Plagiarism in music is not a new phenomenon, on the contrary. Musicians and producers have numerous arguments for why they do this, from claiming that “everything is already invented” to “no one can have a patent on certain chords” and the like.
With the prevalence and availability of artificial intelligence, new negative trends in the music industry have emerged concerning counterfeiting, in the broadest sense. A song generated by AI that was released under the names Drake and The Weeknd is just one example.
However, artificial intelligence has also brought about positive changes within this creative industry, not only when it comes to the way it is expressed, but also the realization of the rights of music authors and interpreters.
How can AI detect musical plagiarism?
Those who regularly use Instagram or TikTok have probably already come across the profile of the creator of @itsjmaine, known for revealing plagiarism and original tracks in their videos. He confirms with its content that plagiarism is a very common phenomenon in the world music industry and that there is almost no known name, from Eminem to Metallica, which boasts a “clean slate”.
There are more and more users who similarly address this negative phenomenon, pointing fingers at musicians and holding them accountable.
For a more detailed explanation of how court disputes of this type are resolved, continue reading the linked blog.
In 2020, Katy Perry was accused of having her song “Dark Horse” plagiarized Marcus Grey’s “Joyful Noise” and had to pay a $2.8 million fine.
But in addition to the legal consequences that musical plagiarism entails, it seems that fans are much more affected by the emotional aspect that concerns the broken trust in the creativity of a particular author.
It could be said that a song that is found to be plagiarism of something existing automatically loses its meaning to some extent and implies the question "Is this original?" for each subsequent poem by the same author.

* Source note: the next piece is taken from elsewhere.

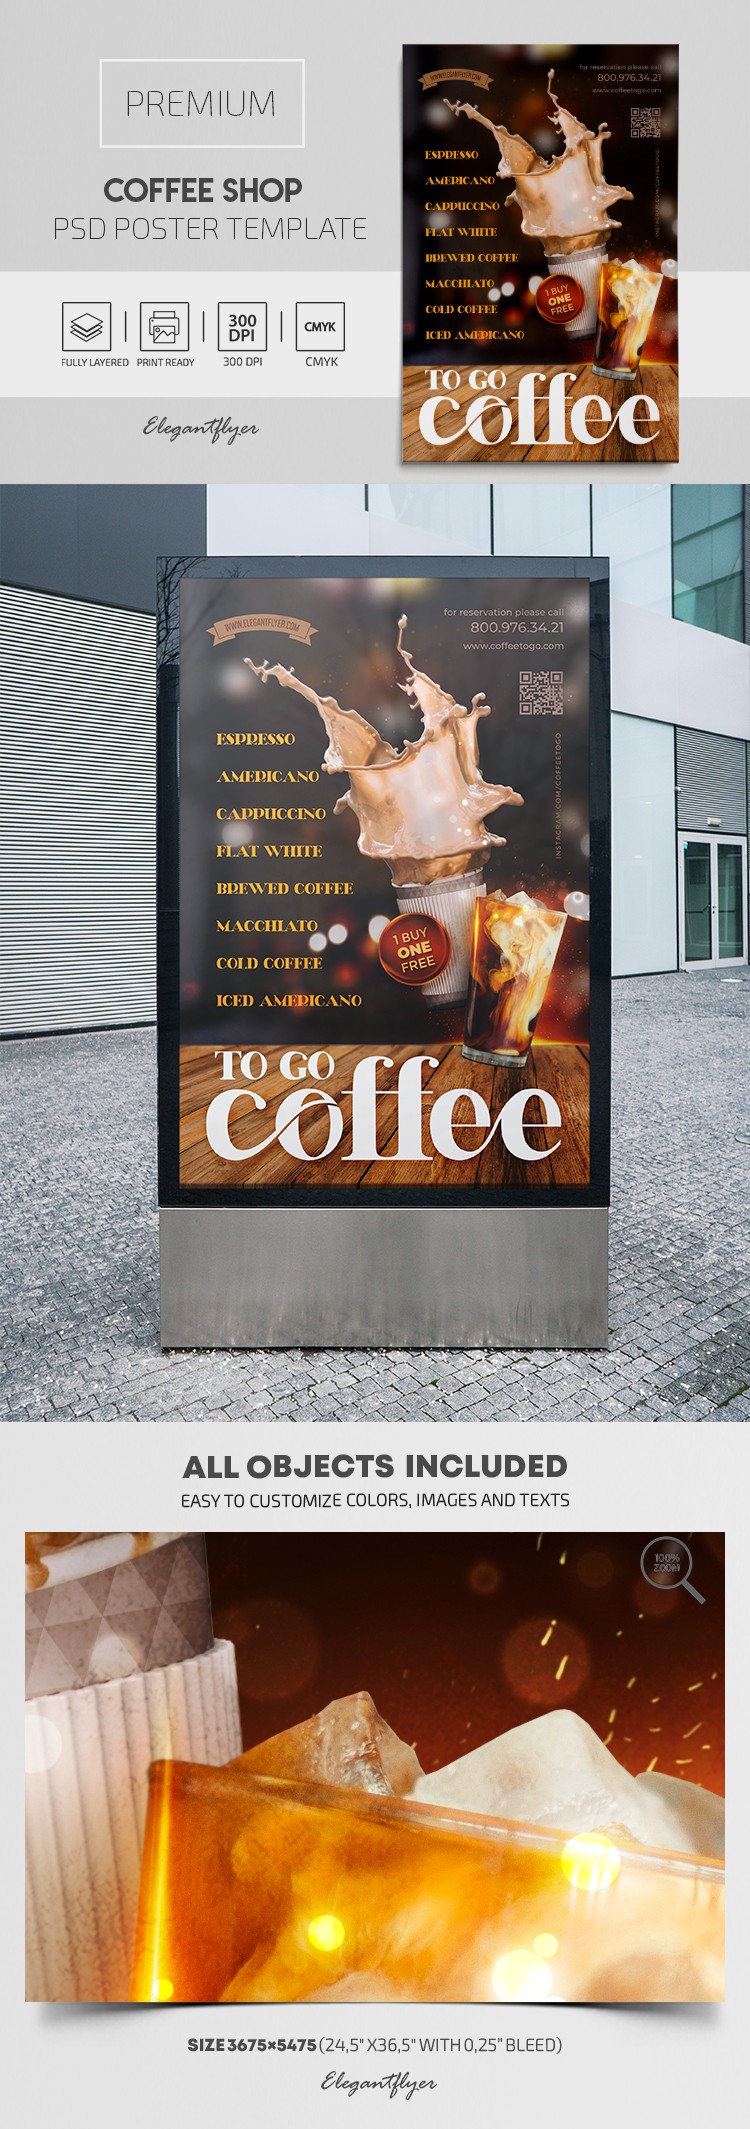 Kaffeehaus-Poster by ElegantFlyer

Identifying plagiarism in music using machine learning algorithms was dealt with by Rajesh Ramachandran Nair in a paper published in 2021, it points out that analyzing similarities in music is an extremely delicate and complicated procedure.
Online tools for detecting plagiarism in music
Today, there are a handful of online tools that can help musicians determine before releasing whether their song unintentionally sounds like something existing. These tools are also used by music enthusiasts to “prove their point.”

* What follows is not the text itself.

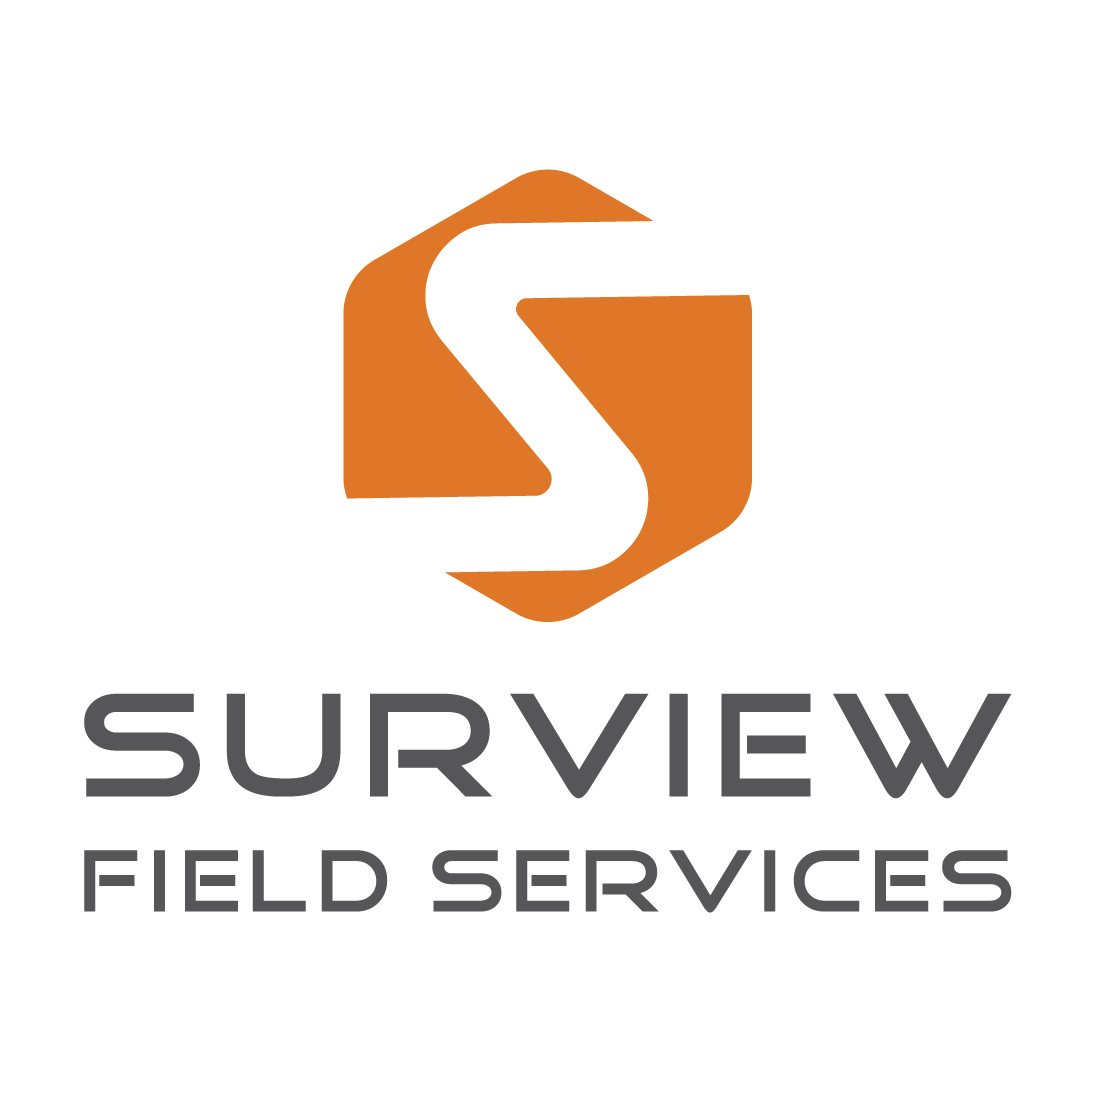 Surview Field Services

Some of the most common are:
- Grammarly: Yes, while this is a popular tool for checking for plagiarism in written content, it also offers opportunities to check for plagiarism in music. It can analyze the melody, harmony, and rhythm of a piece of music and compare it with other existing songs to find similarities.

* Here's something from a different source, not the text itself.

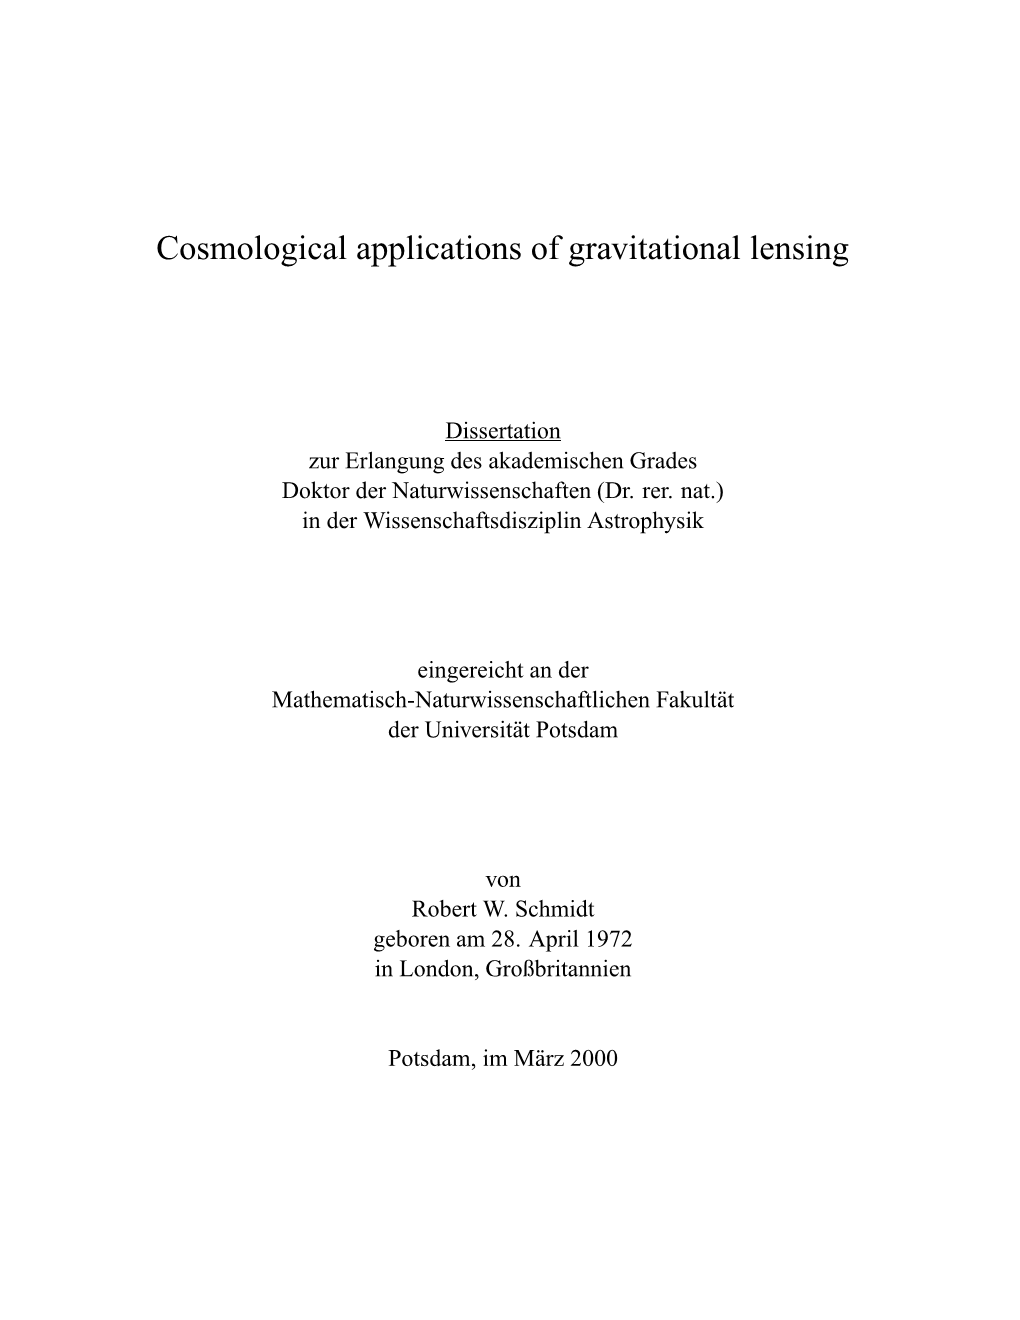 Cosmological Applications of Gravitational Lensing

- Audible Magic: Audible Magic is a professional tool for checking plagiarism in music intended for record labels and other business entities. It uses patented technology to identify similarities between songs and can be integrated into different platforms.
- AudioLock: AudioLock is a software for detecting plagiarism in music that works by analyzing the audio prints of a song. It can detect similarities and potential plagiarism even if the music is created with different instruments or in different styles.
- Plagiarism Checker X is a plagiarism detection software used to check for plagiarism in various types of content, including music. It uses advanced algorithms to scan and compare music files for similarities.
What do they have in common?
Almost all of them, more or less, use machine learning to analyze infinite databases and identify segments of songs that resemble each other. So, similar to seminar papers, these tools show how much of a song can be considered plagiarism.
In addition to the aforementioned tools, a good tip for musicians is to use song recognition apps such as Shazam, SoundHounds or MusixMatch to check if their song resembles an existing one.
How does Spotify use AI to detect plagiarism?
And finally, it should be mentioned that one of the largest streaming platforms long ago decided to put an end to musical plagiarism, devising its own technology for successfully and effectively detecting plagiarism.
In late 2020, Spotify released a patent titled “Plagiarism Risk Detector And Interface”, intended for music authors. It works by analyzing the sheet music scores that contain the basic elements of the song, including its melody, lyrics and harmony. The rhythm, as in most cases, is not analyzed for the possibility of plagiarism.
So, musicians can submit their own songs for plagiarism risk analysis, and Spotify detector then crosses the data with all the songs that exist in their database.
A new window will appear to the user that will mark parts of the song that appear in many songs, some songs, or are marked as brand new. In addition, all songs whose parts are recognized as identical will be linked so that the author of the track can be convinced of the similarities.
This detector greatly simplifies the process that would otherwise take much longer and require some manual checking. In addition, Spotify has one of the largest music recording studios, so authors can be sure of the reliability of the data, especially if they themselves planned to release music on the aforementioned platform.